Three cases were diagnosed as intraductal oncocytic papillary neoplasm (two in the pancreas, one in the intrahepatic bile ducts). These cases exhibited arborizing papillae lined by multiple layers of neoplastic cells with abundant eosinophilic, granular cytoplasm and large, and fairly uniform nuclei containing single, prominent nucleoli (Fig. 1). Intraepithelial lumina and interspersed goblet cells were also present [5]. Three additional pancreatic cases were diagnosed as intraductal papillary mucinous neoplasms with mixed oncocytic and pancreatobiliary features (n = 2) or mixed oncocytic and gastric features (n = 1), as they also demonstrated foci of pancreatobiliary or gastric differentiation (Fig. 2).
Four cases had an associated invasive carcinoma component (three in the pancreas, one in the intrahepatic bile ducts). The invasive component was characterized either by small tubular units tubular units composed of oncocytic cells infiltrating loose, myxoid stroma, or by stromal mucin accumulation in which oncocytic neoplastic cells were suspended, resembling the pattern of colloid carcinoma (Fig. 1). In one case, prominent cytoplasmic eosinophilic globules were noted.

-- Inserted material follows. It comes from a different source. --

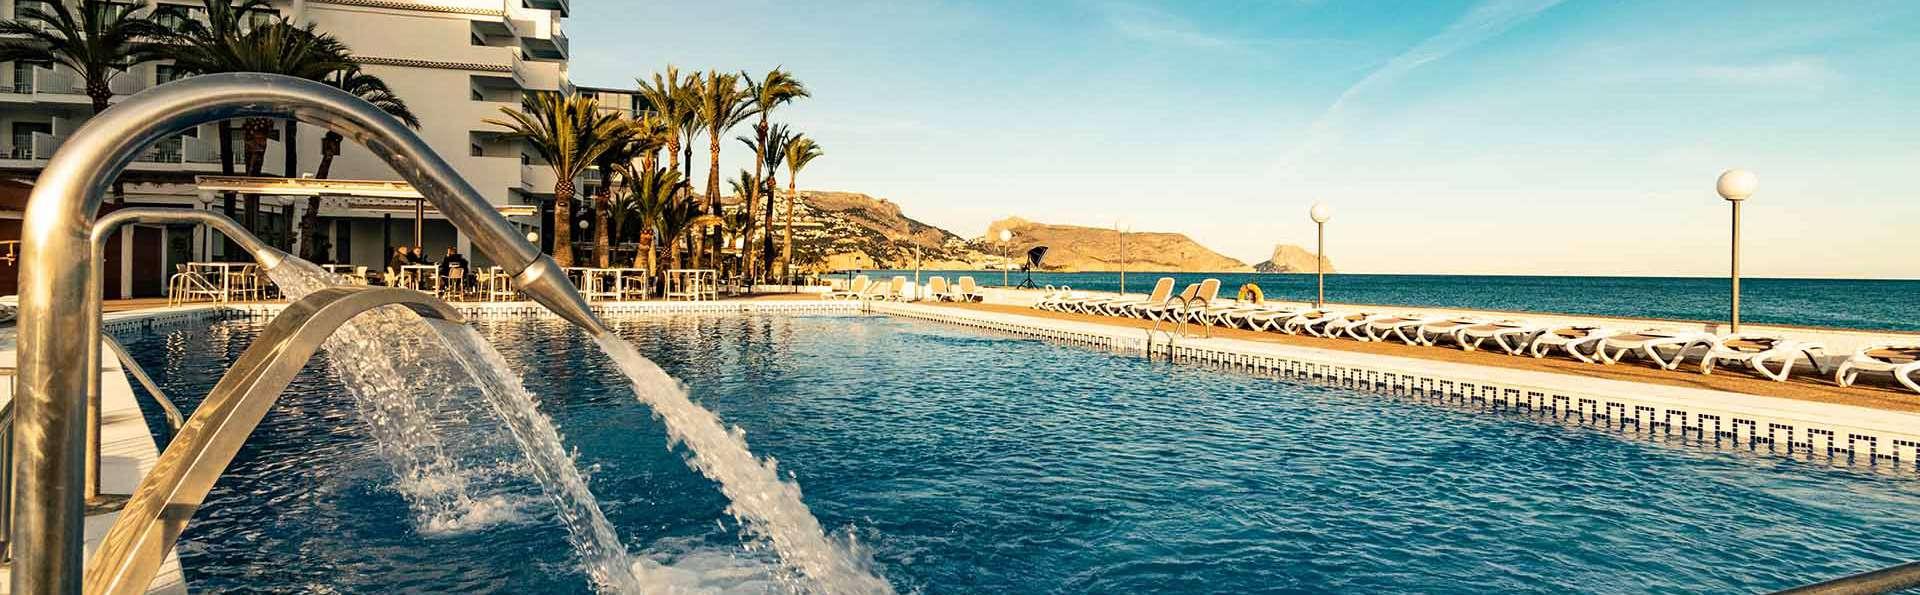 Hotel Cap Negret - EDIT_Exteriores_02.jpg

Immunohistochemical features
None of the three cases with DNAJB1-PRKACA fusions tested (Cases #2, #3, and #5) were positive for albumin mRNA by in-situ hybridization or arginase-1 by immunohistochemistry.

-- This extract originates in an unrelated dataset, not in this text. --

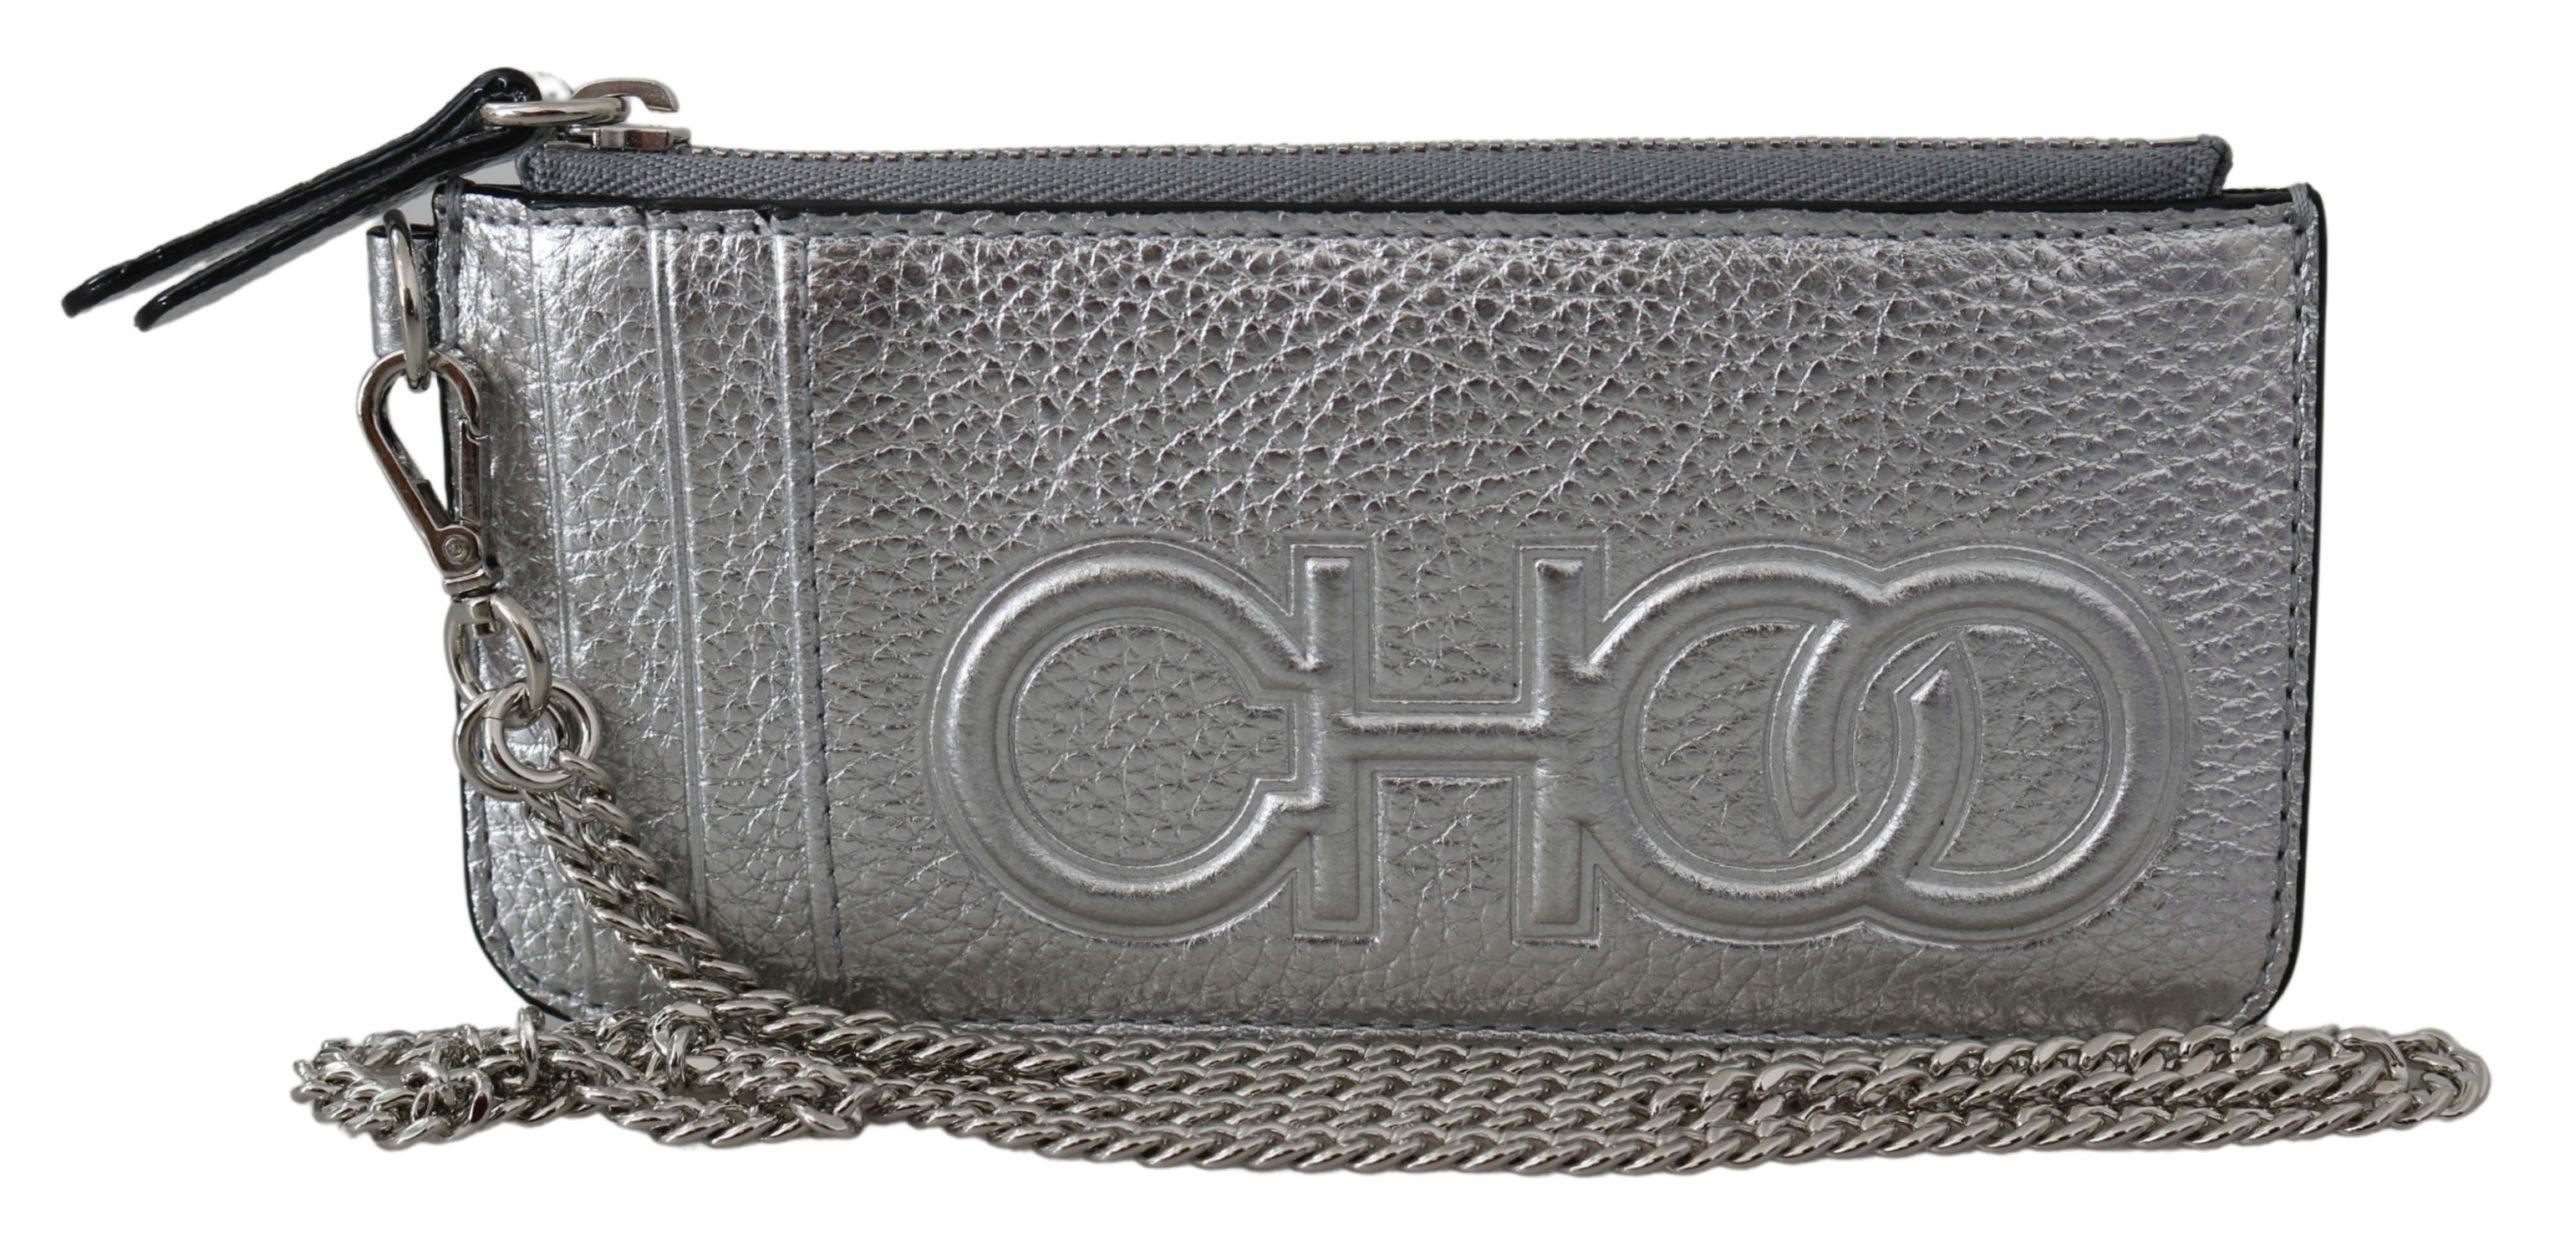 Jimmy Choo Women's Lusse Chain Wallet Silver 1435997

Among the 23 cases from the prior research cohorts, although two pancreatic (15%) and one biliary (10%) intraductal oncocytic papillary neoplasms were positive (all patchy) for albumin mRNA by in-situ hybridization (Fig. 3), none demonstrated arginase-1 immunolabeling.
Molecular features
Of the six cases harboring PRKACA fusions, five revealed DNAJB1-PRKACA fusions and one (Case #1) revealed an ATP1B1-PRKACA fusion. All five cases with DNAJB1-PRKACA fusions harbored fusions involving exon 2 or intron 1 of DNAJB1 with intron 1 or the promoter of PRKACA. Case #1 harbored a fusion involving exon 1 of ATP1B1 with exon 2 of PRKACA (Figs. 4 and 5, Table 2).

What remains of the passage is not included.